That was a number of code, the TLDR is that we defined a category that takes our dataset, performs the required preprocessing and can return us batches of states, actions, rewards, returns, timesteps and masks. These batches will be directly used to coach a Decision Transformer model with a 🤗 transformers Trainer.

Training the Decision Transformer model with a 🤗 transformers Trainer.

With a view to train the model with the 🤗 Trainer class, we first have to make sure the dictionary it returns accommodates a loss, on this case L-2 norm of the models motion predictions and the targets. We achieve this by making a TrainableDT class, which inherits from the Decision Transformer model.

class TrainableDT(DecisionTransformerModel):
    def __init__(self, config):
        super().__init__(config)

    def forward(self, **kwargs):
        output = super().forward(**kwargs)
        
        action_preds = output[1]
        action_targets = kwargs["actions"]
        attention_mask = kwargs["attention_mask"]
        act_dim = action_preds.shape[2]
        action_preds = action_preds.reshape(-1, act_dim)[attention_mask.reshape(-1) > 0]
        action_targets = action_targets.reshape(-1, act_dim)[attention_mask.reshape(-1) > 0]
        
        loss = torch.mean((action_preds - action_targets) ** 2)

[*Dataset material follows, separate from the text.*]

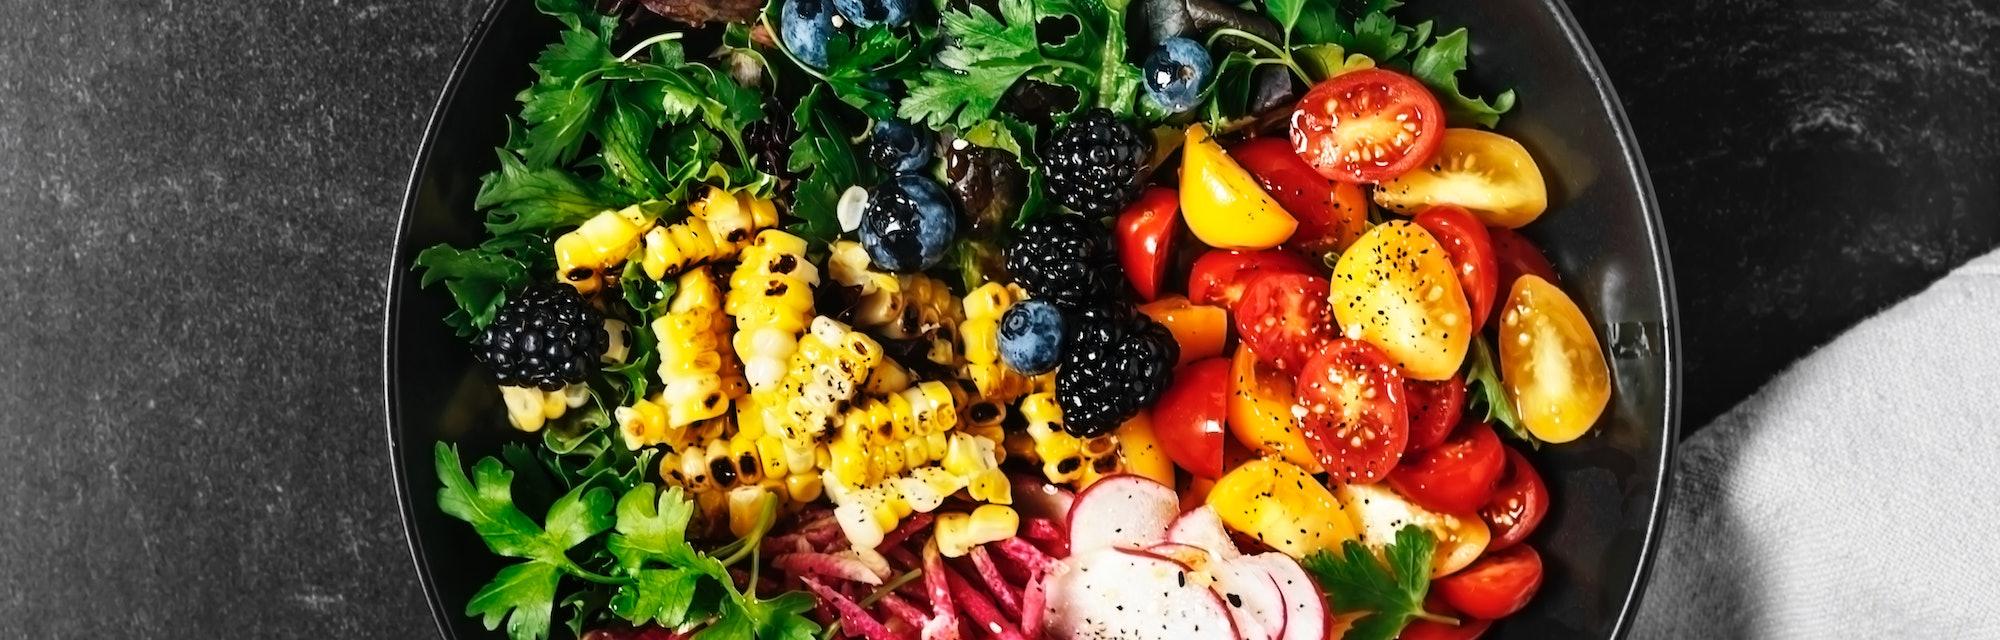 Bowl of fresh salad.
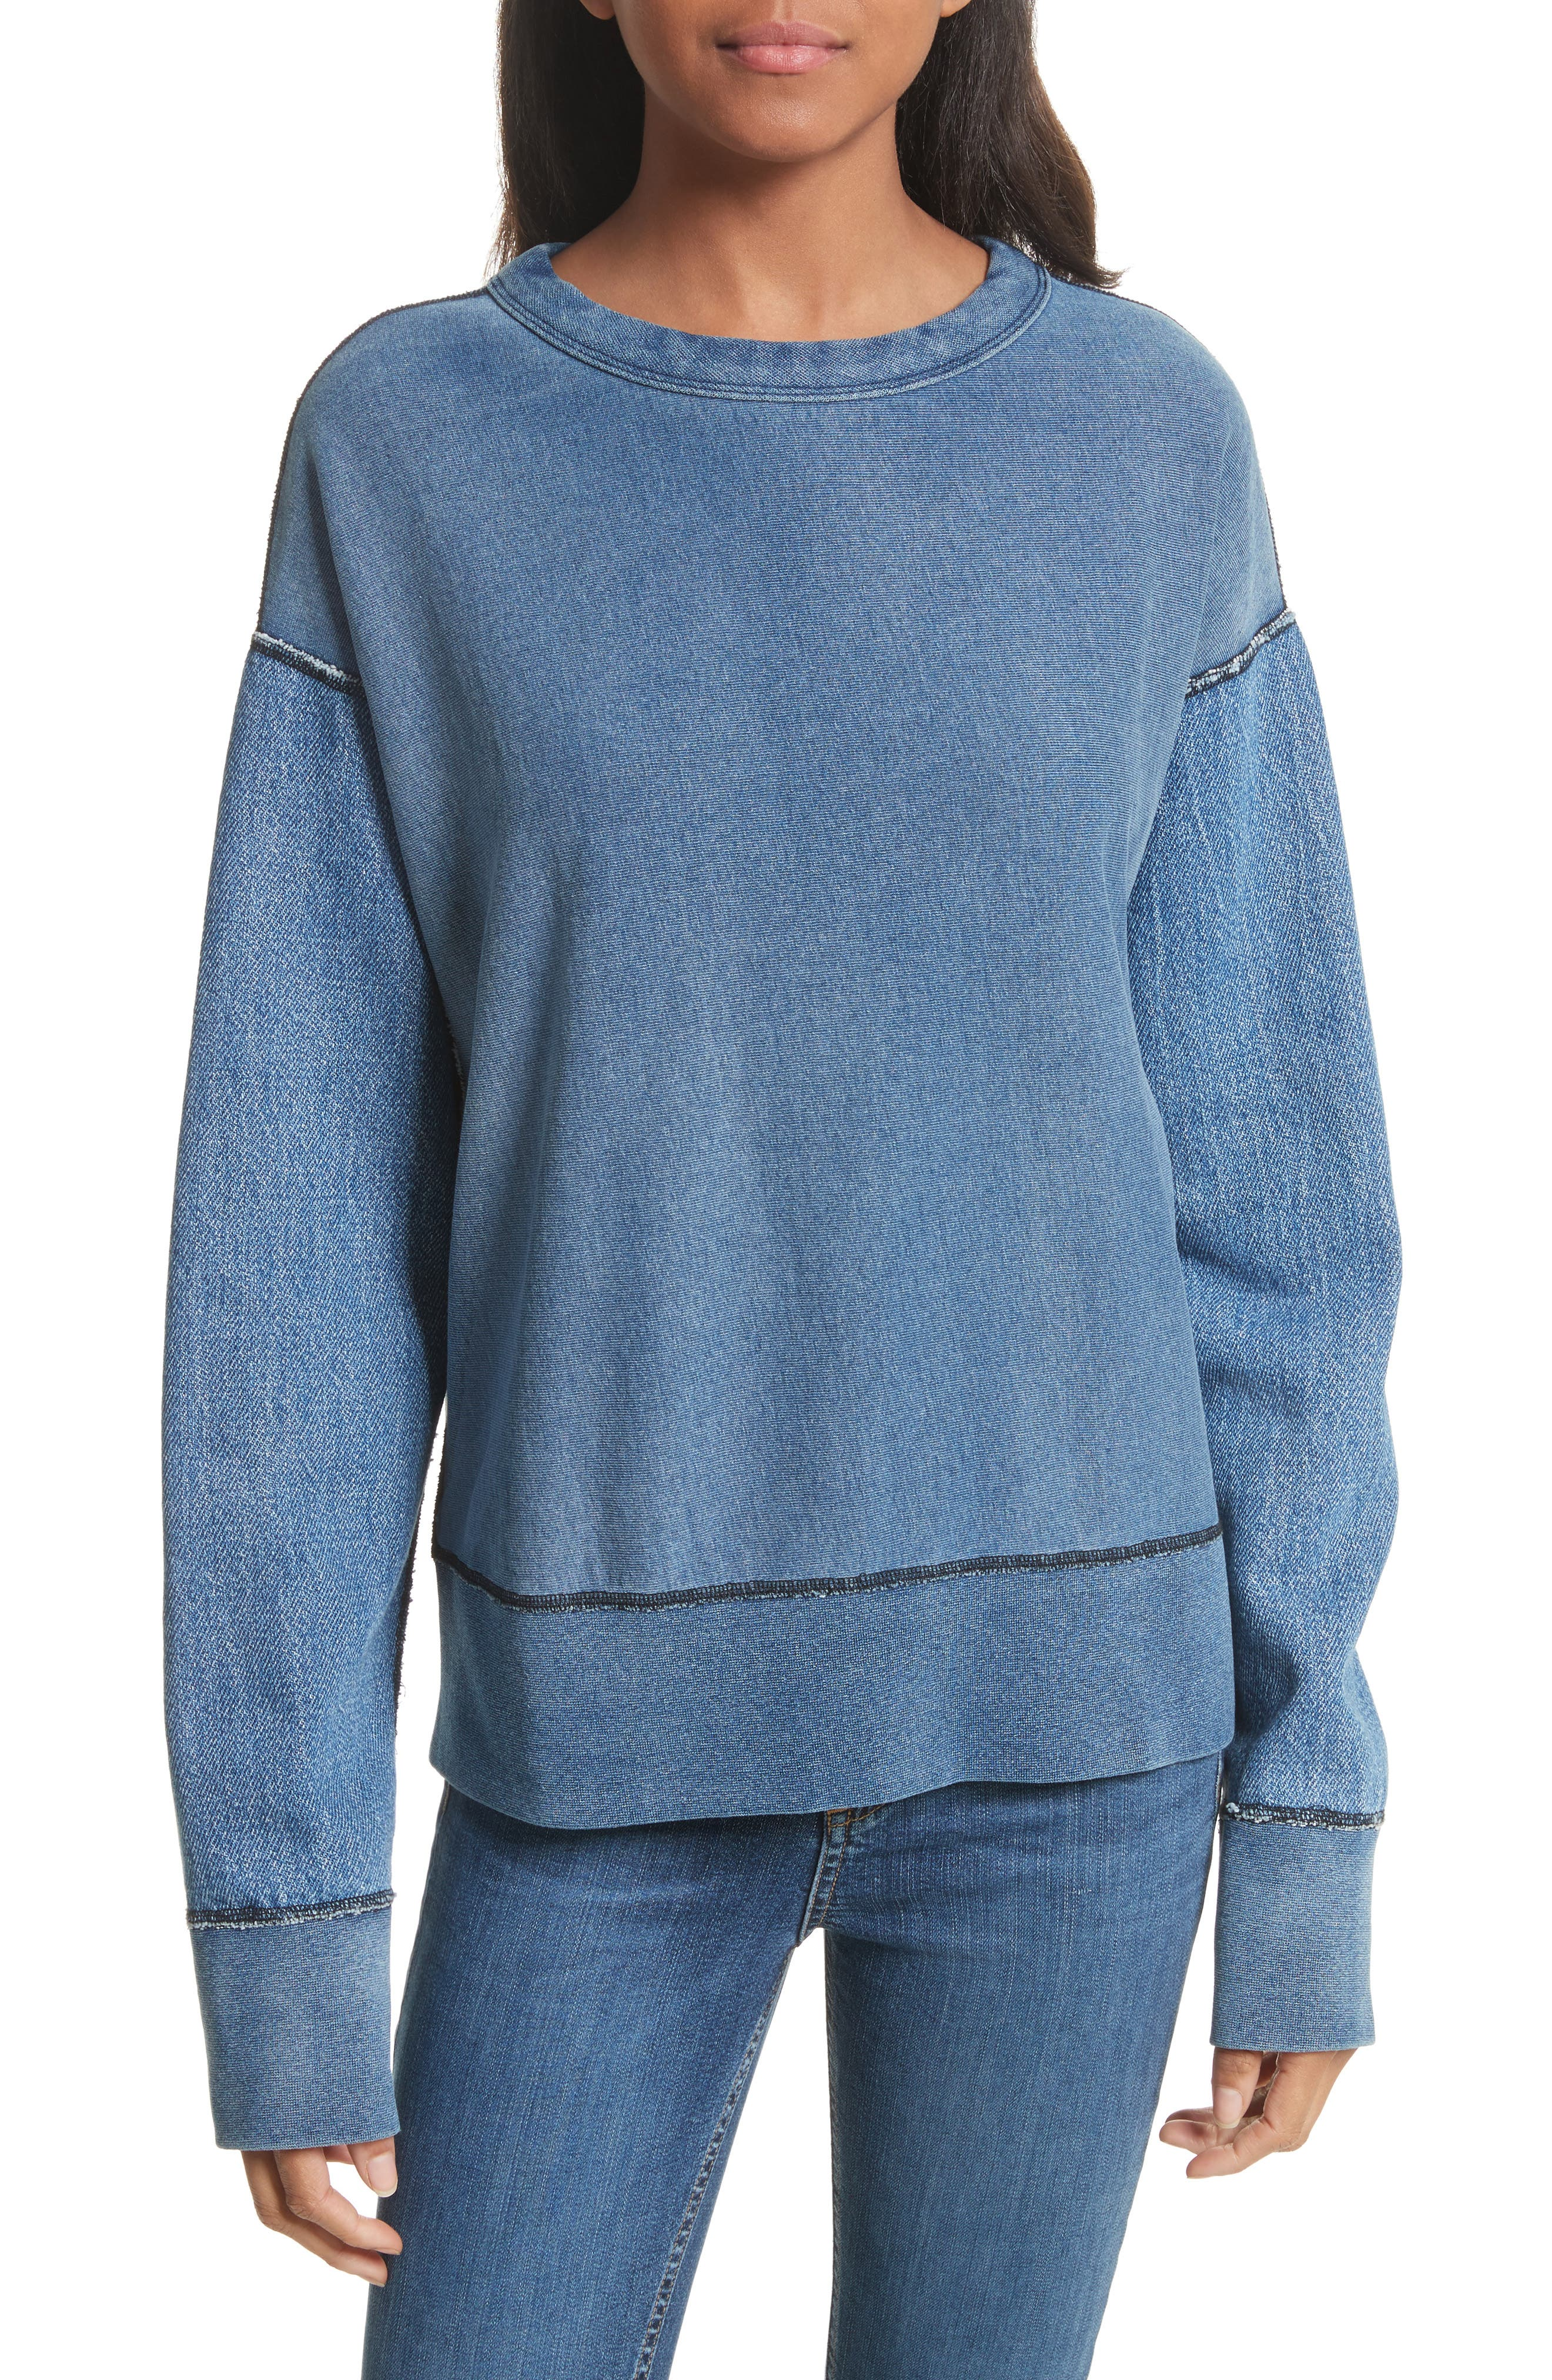 Main Image - rag & bone Indigo Baby Racer Sweatshirt

        return {"loss": loss}

    def original_forward(self, **kwargs):
        return super().forward(**kwargs)

The transformers Trainer class required a lot of arguments, defined within the TrainingArguments class. We use the identical hyperparameters are within the authors original implementation, but train for fewer iterations. This takes around 40 minutes to coach in a Colab notebook, so grab a coffee or read the 🤗 Annotated Diffusion blog post whilst you wait. The authors train for around 3 hours, so the outcomes we get here is not going to be quite nearly as good as theirs.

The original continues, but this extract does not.